◆ Task prompt ◆
Quote the records below in full, exactly as given, with the images taken out.

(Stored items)
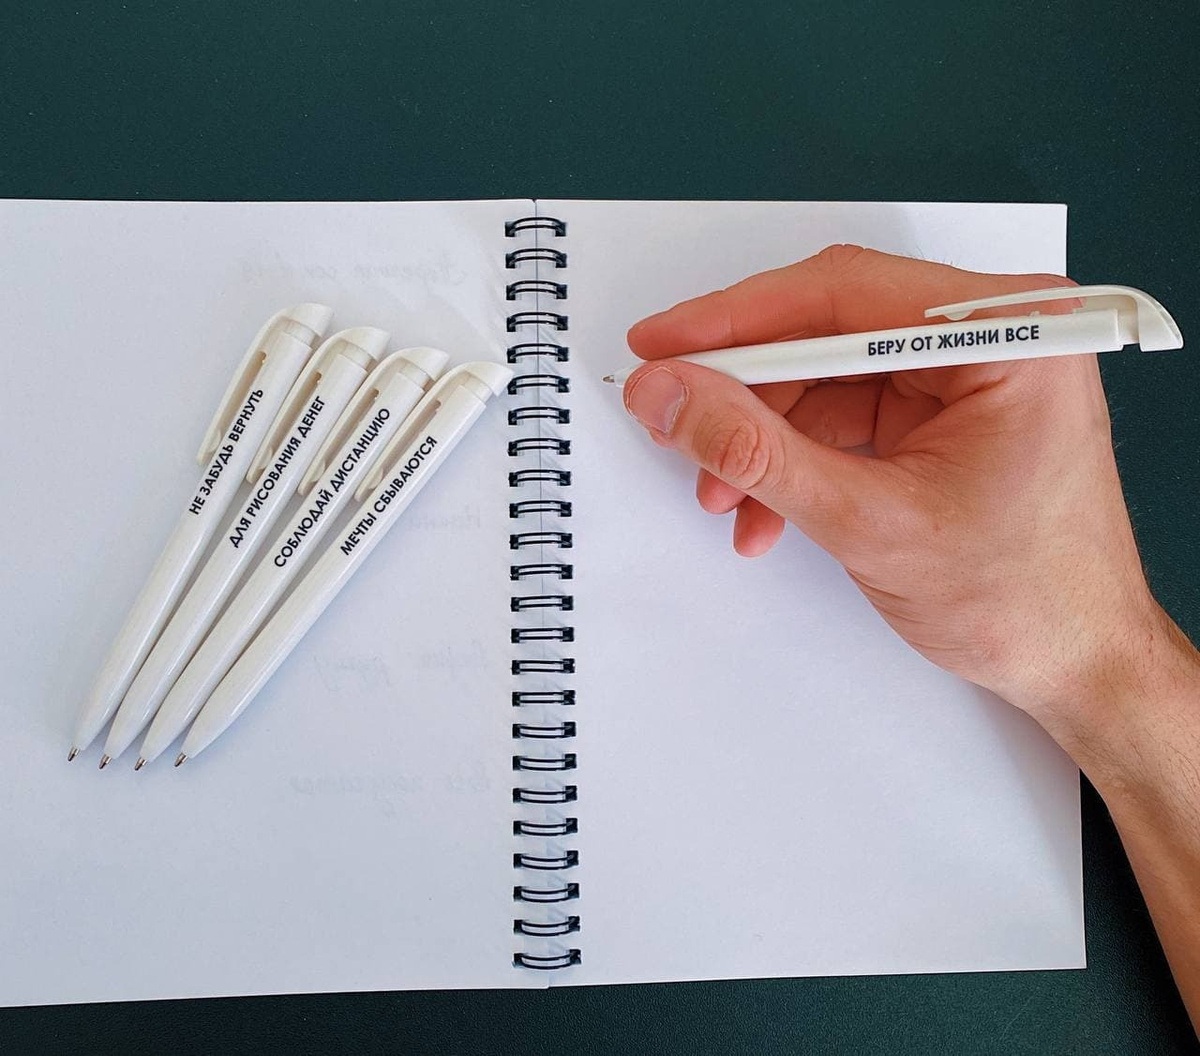 Шариковые ручки с надписями в подарок , для школы
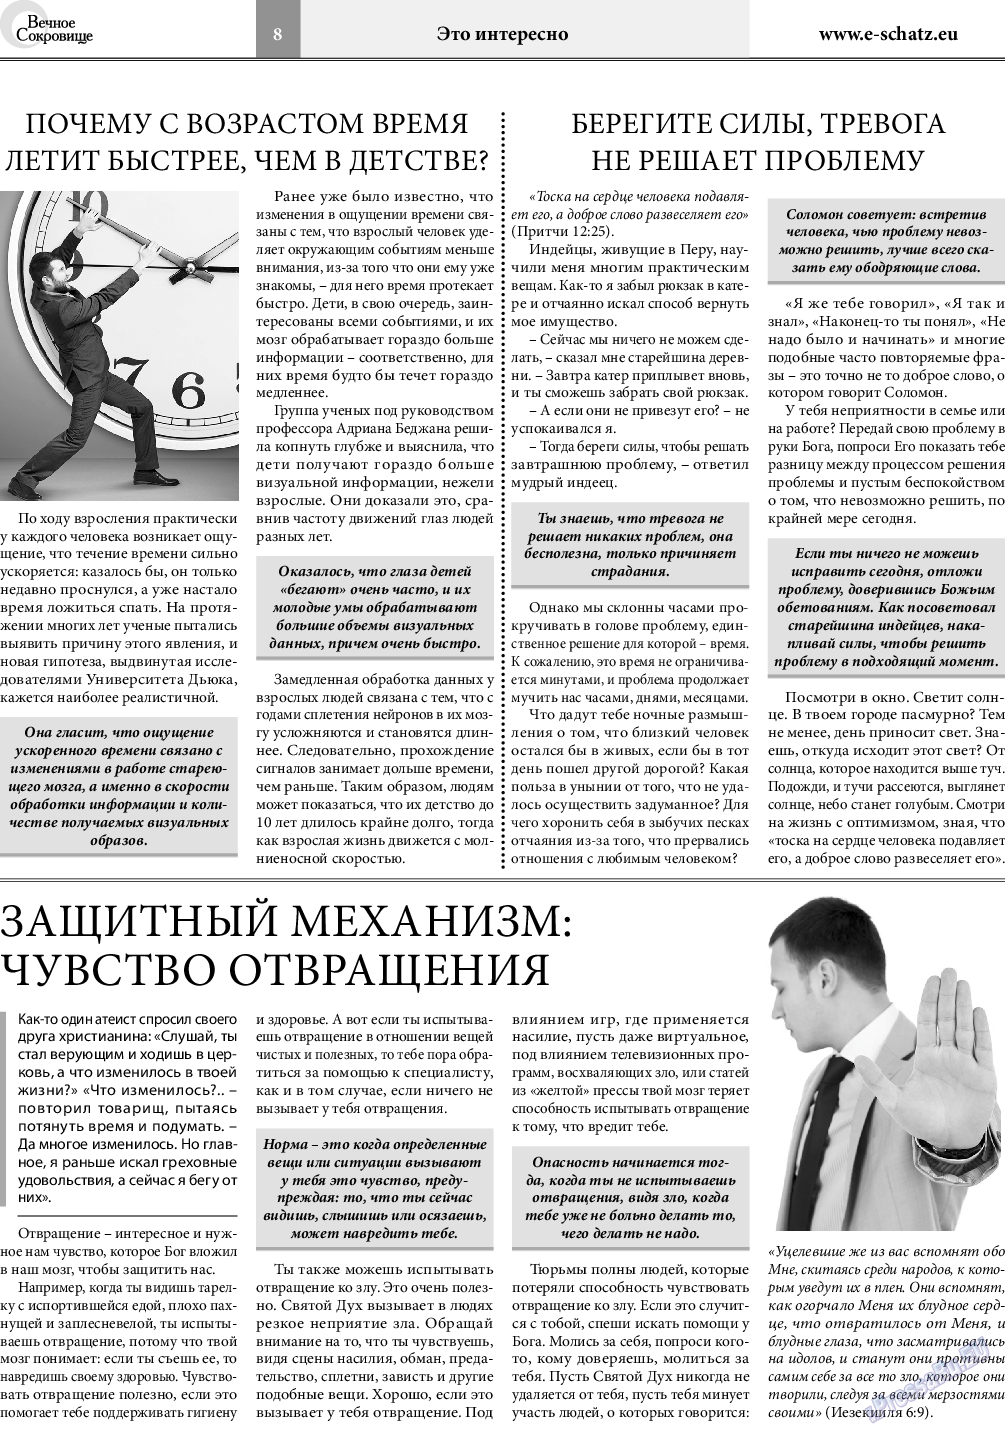 Вечное сокровище, газета. 2019 №3 стр.8
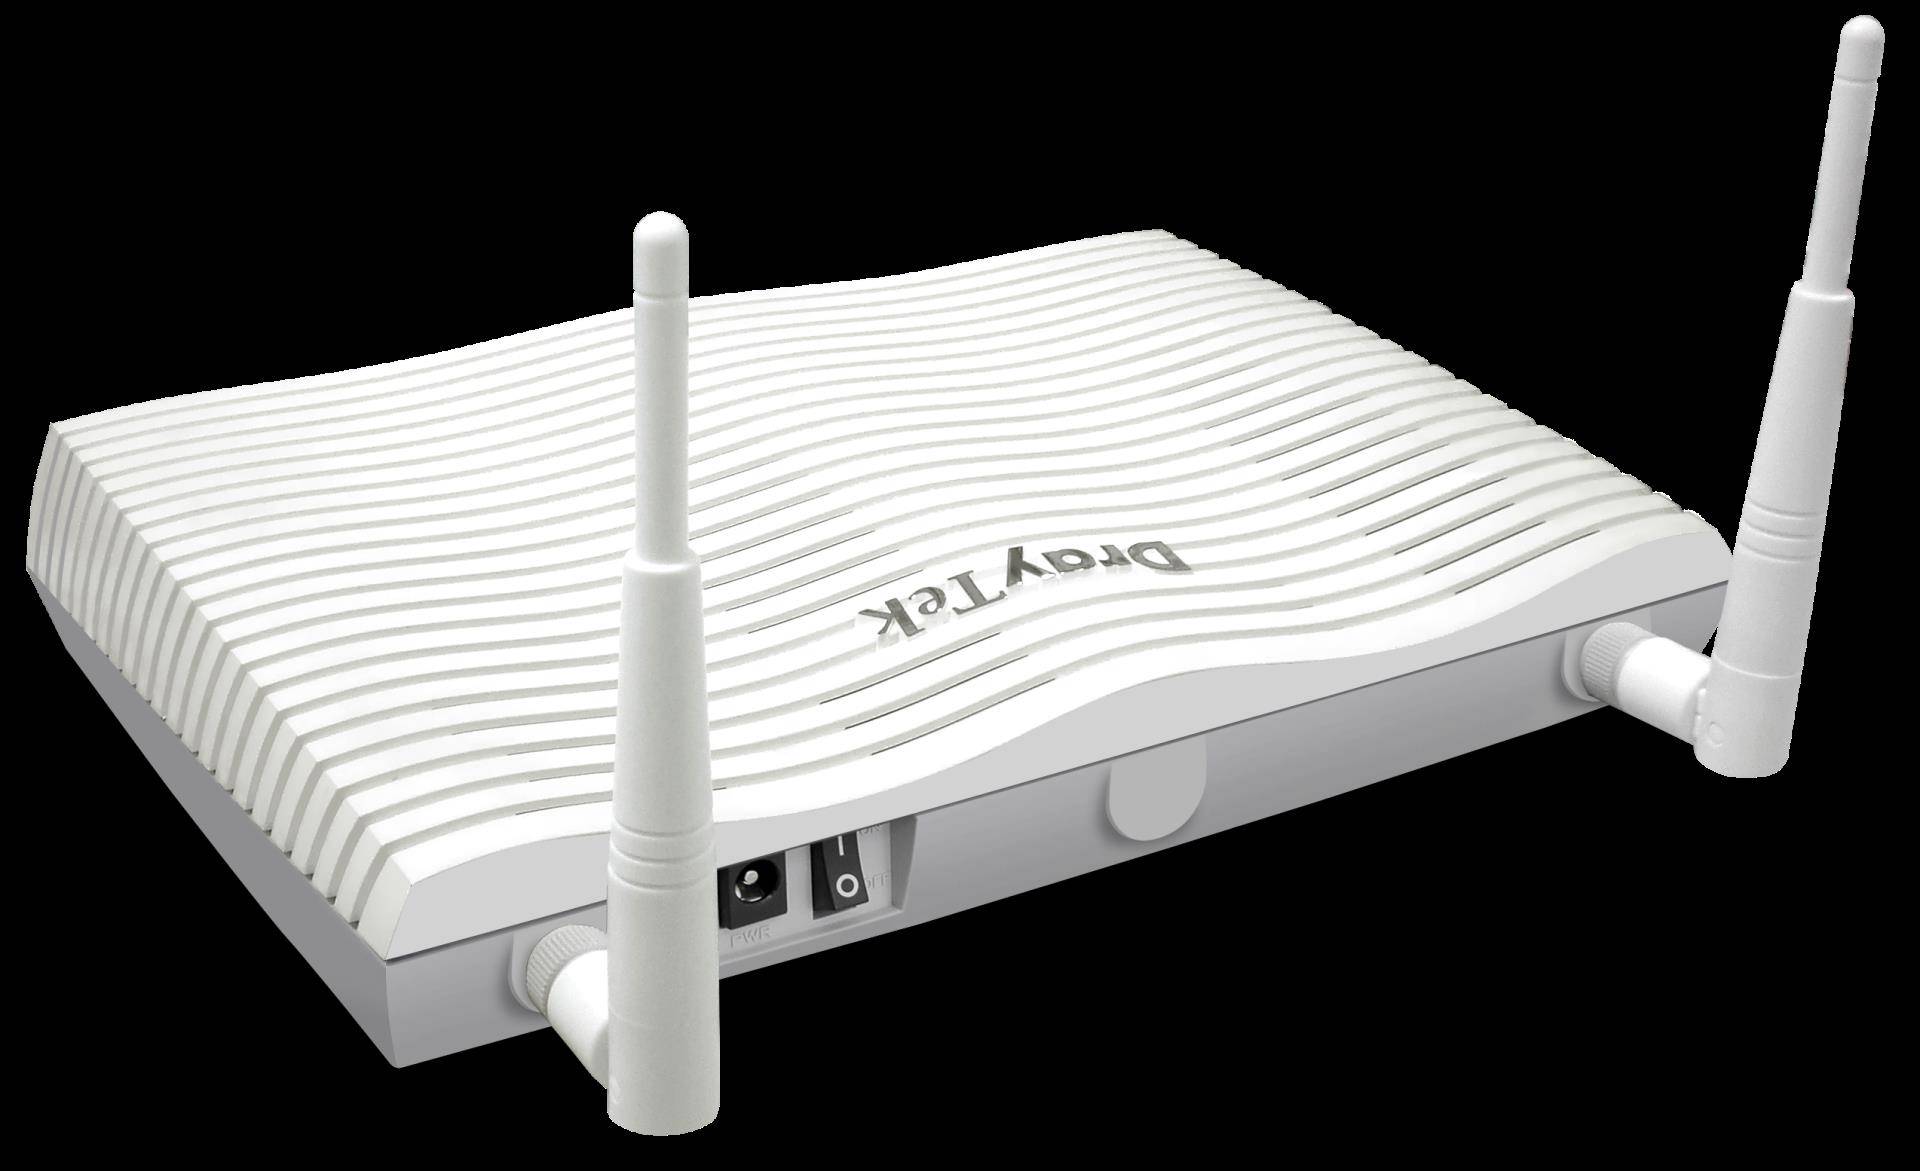 DrayTek Vigor 2866Vac Dual-Wan Router mit integriertem G.Fast/VDSL2/Supervectoring/ADSL Modem als WAN1 und Gigabit Ethernet WAN2, 5 x Gigabit LAN, 32xVPN, Firewall, Contentfilter, zentralem AP- und Switchmanagement, VoIP mit 2x FXS-Ports (V2866VAX-DE-AT-CH) von Draytek
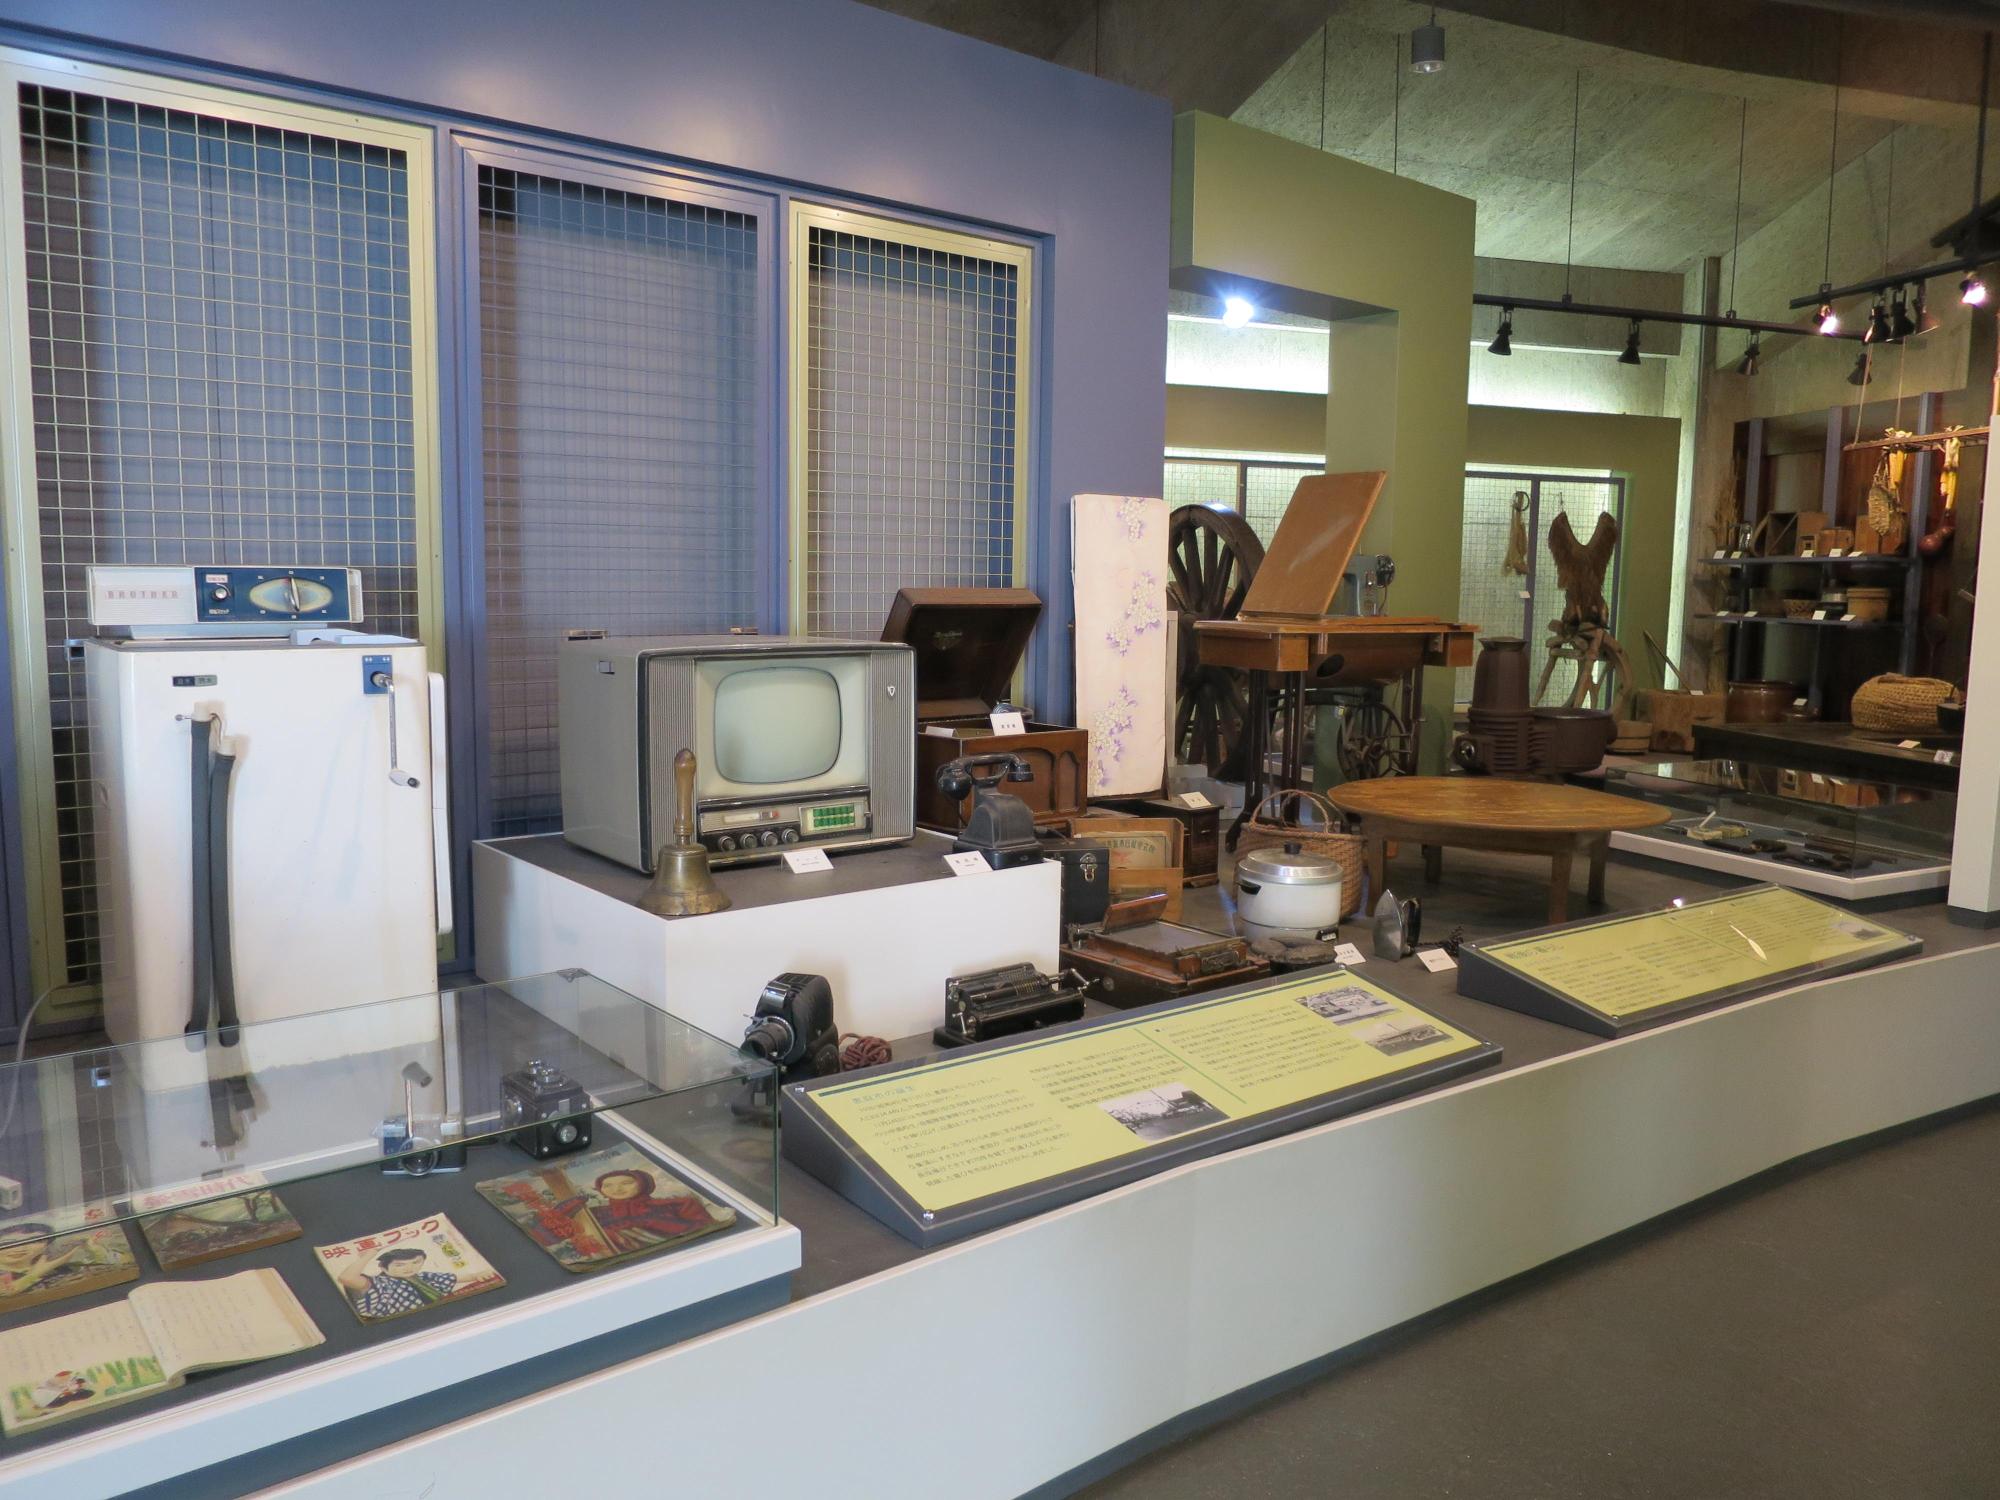 昭和30年代に使用されたテレビや洗濯機などの生活用具が展示された写真
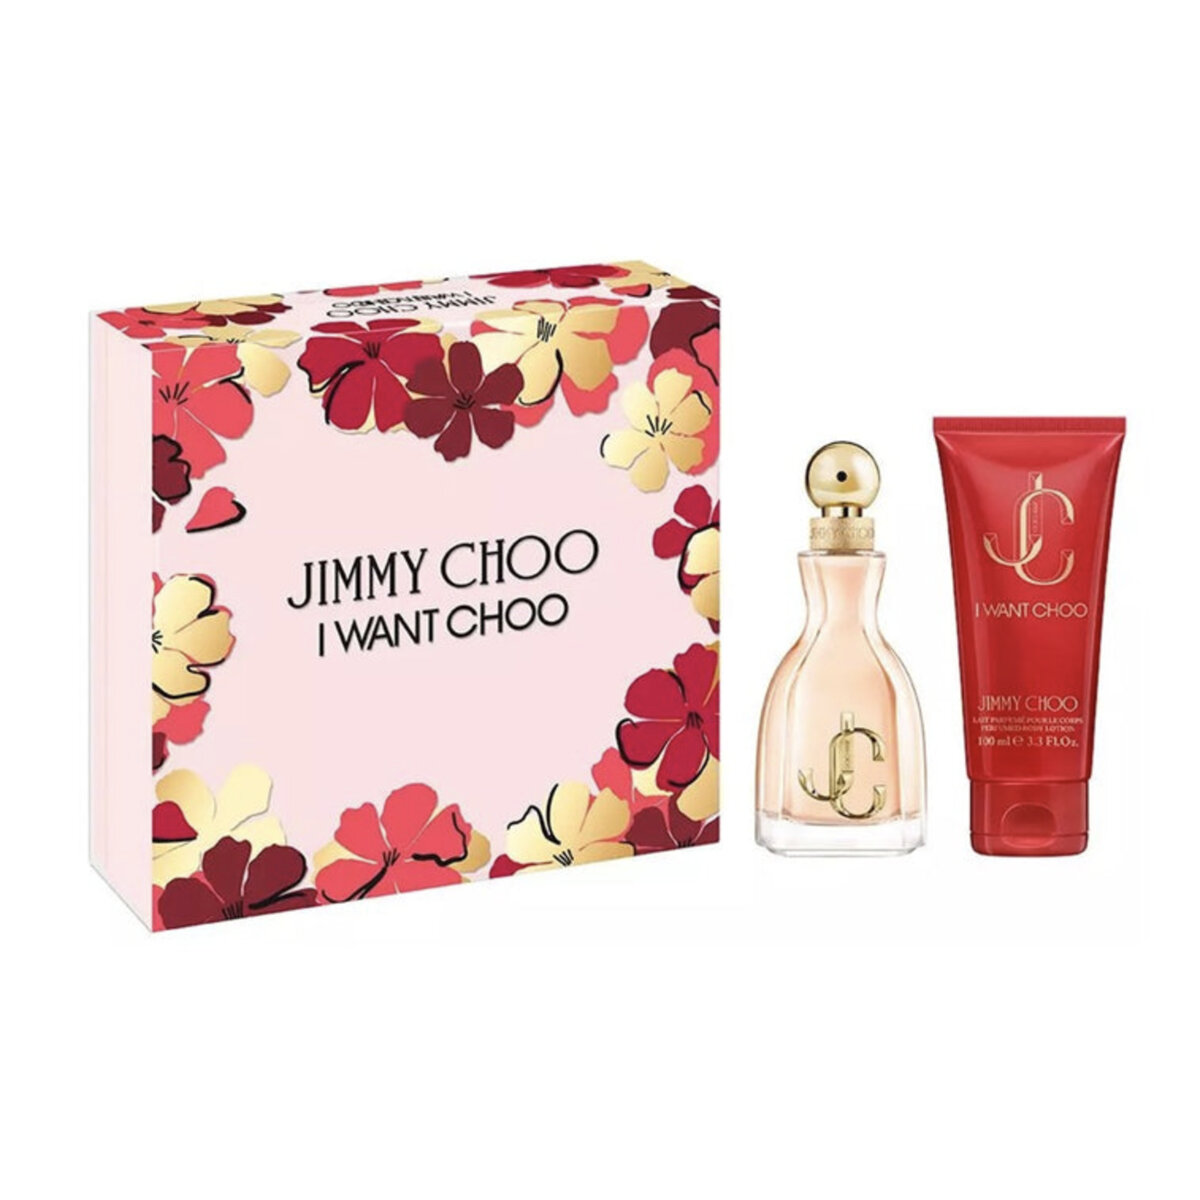 Jimmy Choo I Want Choo 60ml EDP Gift Set

◆ Response to this exercise ◆
 Шариковые ручки с надписями в подарок , для школы
 Вечное сокровище, газета. 2019 №3 стр.8
 DrayTek Vigor 2866Vac Dual-Wan Router mit integriertem G.Fast/VDSL2/Supervectoring/ADSL Modem als WAN1 und Gigabit Ethernet WAN2, 5 x Gigabit LAN, 32xVPN, Firewall, Contentfilter, zentralem AP- und Switchmanagement, VoIP mit 2x FXS-Ports (V2866VAX-DE-AT-CH) von Draytek
 昭和30年代に使用されたテレビや洗濯機などの生活用具が展示された写真
 Jimmy Choo I Want Choo 60ml EDP Gift Set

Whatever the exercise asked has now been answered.